Found this gem of a study via a friend Yesterday. Space Jam was my favorite movie as a kid before I realized what a dick Michael Jordan is. But hey he did save Bugs Bunny from alien bullies!
Harvard did a statistical analysis of Space Jam’s box score when the Looney Tunes take on the alien invaders who’d stolen the abilities of Patrick Ewing, Charles Barkley, Larry Johnson, Muggsy Bogues, and Shawn Bradley.
Here is an excerpt:
A quick recap: The Monstars, behind a vicious defense and a quick-strike transition offense featuring the unprecedented three-point-line dunk, seize early control and take a 66-18 lead into the half. Pound (Barkley) and Bupkus (Ewing) are dominant. Things look grim for MJ, Bugs, and crew.

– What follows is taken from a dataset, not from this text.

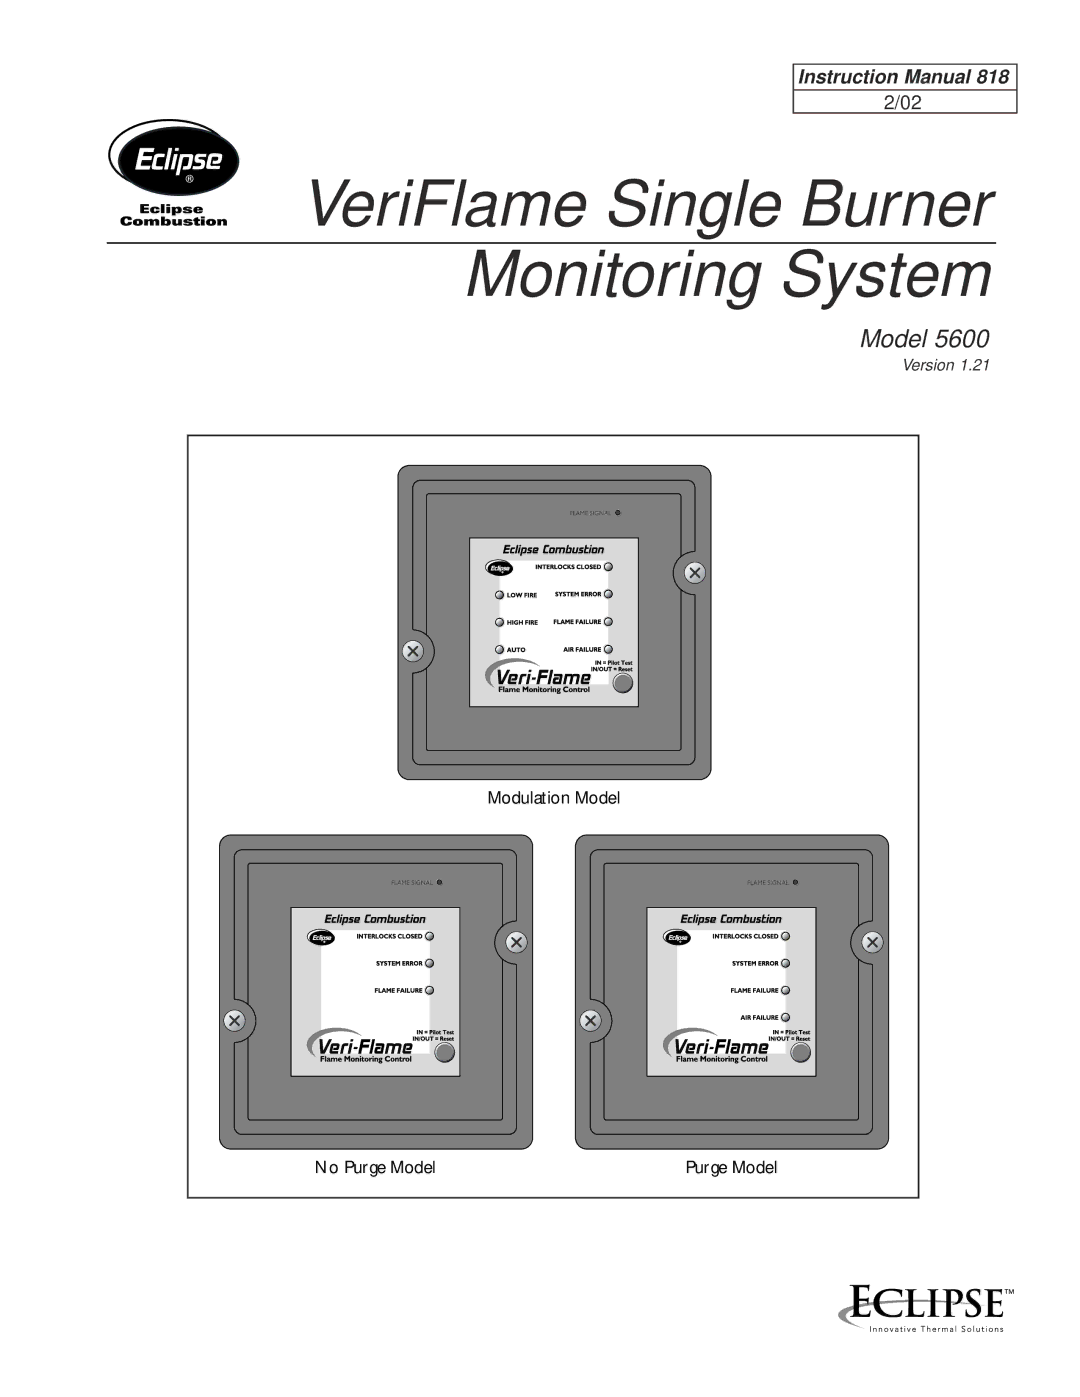 Eclipse Combustion VeriFlame Single Burner Monitoring System, 5600 instruction manual

But the Tunes uncork a 48-2 run in the second half to pull within two points late in the fourth quarter. The dearth of offensive production by the Monstars during this stretch is puzzling. Turnovers? Did they abandon the three-point-line dunk? The answer no doubt lies on the cutting-room floor. There’s an equally confusing run at the end of the game. As paramedics inflate Jordan’s assistant Stan Podolak following his lone bucket, the scoreboard clearly shows the Monstars ahead 77-67 with 10 seconds remaining. Yet following his treatment and the surprise entrance of Bill Murray, the score has changed to 77-76 with no time having elapsed. Perhaps Marvin the Martian, the head official, got fed up with the Monstars’ rugged defense—they injured all but four of the players on the original Tunes roster—and issued a slew of technical fouls. We’ll never know. All we know is that the game ends on Jordan’s dramatic, half-court arm-stretching dunk as time expires. How about that: The team with the widest appeal and most marketable superstar wins the big game by some mysterious contrivance. You might say this is ridiculous. I call it verisimilitude.
Find the whole study here.
I’m also not ashamed to admit I sung along to R. Kelly’s ‘I believe I can fly a couple times,’ before I found out R. Kelly is R. Kelly.